Nesse filme do diretor argentino Hernán Goldfrid, acompanhamos Roberto Bermudez (Ricardo Darín), um especialista em Direito Criminal que ministra um curso bastante concorrido na universidade local. Seco e um tanto quanto arrogante, Roberto já não vê as coisas com o idealismo da juventude por saber como tudo funciona na prática. Apesar disto, ele sente-se incomodado com o jovem Gonzalo (Alberto Ammann), filho de um velho conhecido, que está matriculado em seu curso, simplesmente por ser seu fã. Quando um brutal assassinato acontece perto da universidade, o professor logo se interessa pelo caso e passa a investigá-lo, por mera curiosidade e graças aos anos de profissão na área criminal. Uma pista leva a outra e, pouco a pouco, Roberto passa a desconfiar que Gonzalo esteja por trás do crime. Confira o trailer:

Um elemento que me chamou muito atenção em "Tese sobre um Homicídio" é justamente como o roteiro do Patricio Vega consegue criar um clima misterioso e bastante envolvente em torno de uma possível paranoia de Roberto - principalmente a partir de seu relacionamento com Gonzalo. Cria-se aí uma espécie de confronto psicológico dos mais interessantes onde cada um dos personagens se desafiam a todo instante. O curioso é que, por mais que os indícios apresentados por Roberto, sejam nítidos e até óbvios se olharmos pela perspectiva de quem conhece o gênero, o filme jamais os assume o fato de que ele possa estar certo. Reparem.

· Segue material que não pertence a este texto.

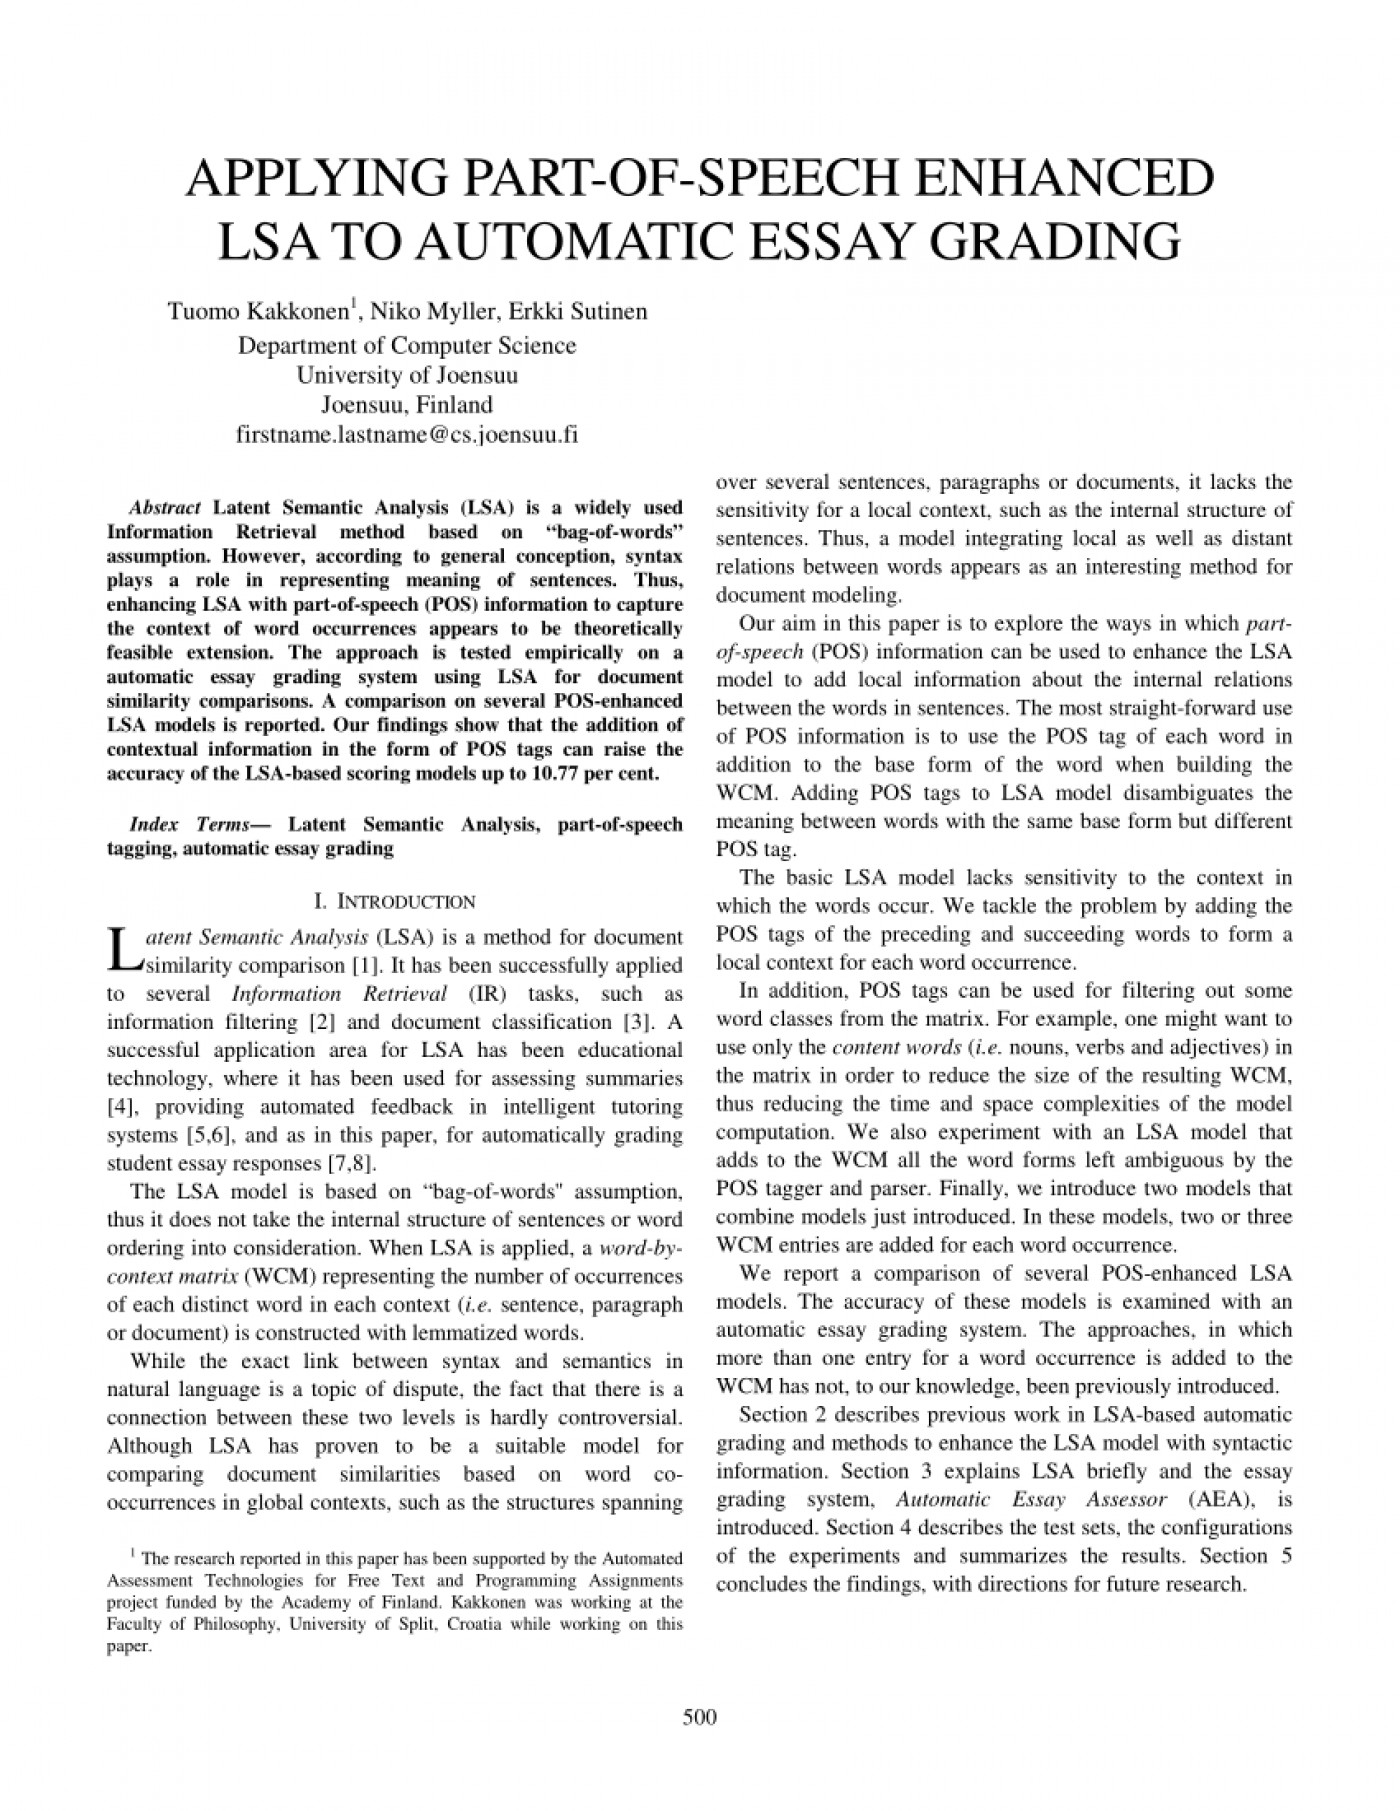 007 Automatic Essay Grader Free Example Singular 1400

Ricardo Darín, claro, dá outro show. Seu personagem sente a progressão da história fisicamente, mas é mentalmente que ele vai ganhando camadas profundas: se ele bebe e fuma cada vez mais, é com seu descontrole que ele parece se preocupar e isso ajuda a expor uma complexidade que poucos estão dispostos a encarar. A direção de fotografia de Rolo Pulpeiro está completamente alinhada com um conceito de direção bastante estiloso de Hernán Goldfrid - como se os atores estivessem livres para brilhar em cima de uma história maravilhosamente bem contada em imagens e diálogos - e como disse inicialmente: sem inventar ou encontrar uma solução mirabolante para justificar suas escolhas. Como diz o protagonista: o segredo está no detalhe!

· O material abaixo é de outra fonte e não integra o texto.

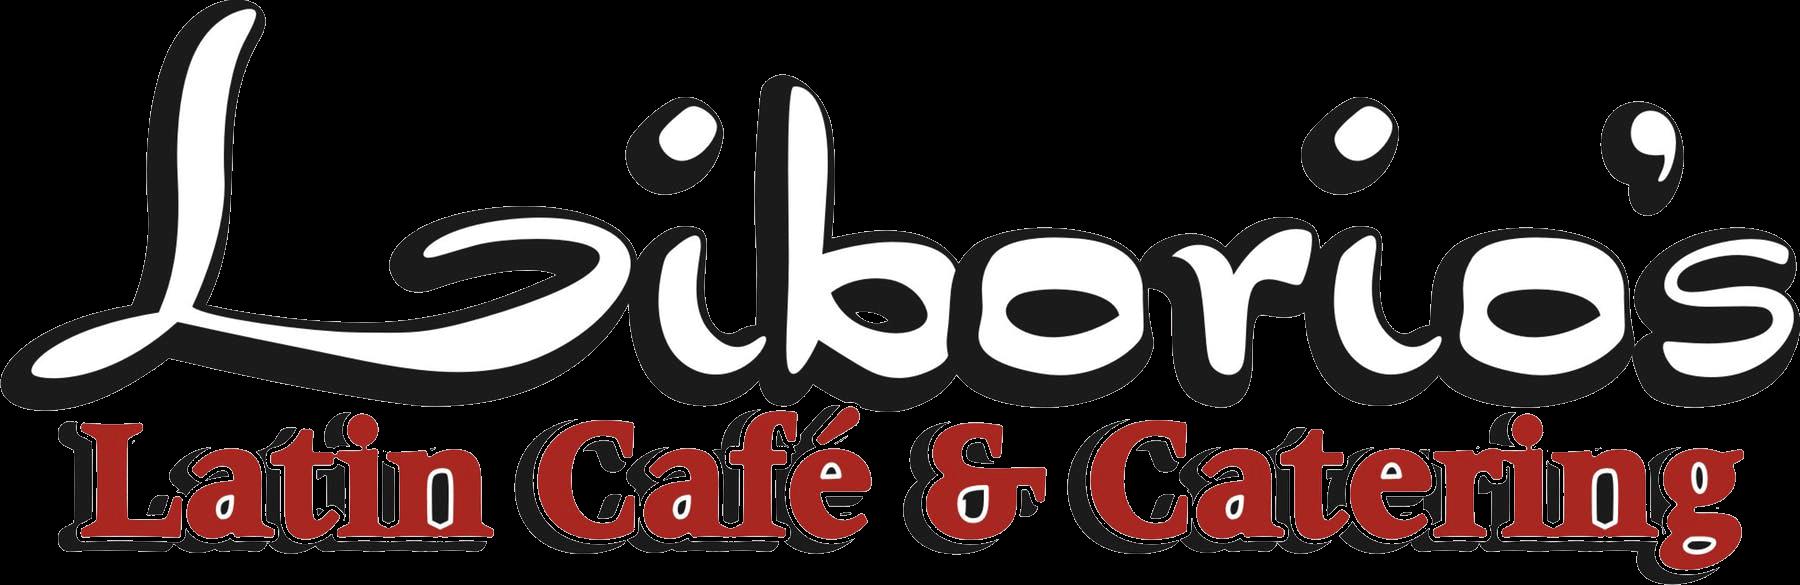 Liborio's Latin Cafe & Catering Home

Baseado no livro deDiego Paszkowski,  "Tese sobre um Homicídio" não se propõe a fechar uma questão sem nos colocar para pensar (daí a força do seu título) - isso é preciso ficar claro! O que não deixa a narrativa didática demais, porém pode decepcionar quem prefere algo mais mastigado como em outros filmes do gênero, porém a jornada é tão interessante quanto o final e vale muito a pena pelo entretenimento de excelente qualidade!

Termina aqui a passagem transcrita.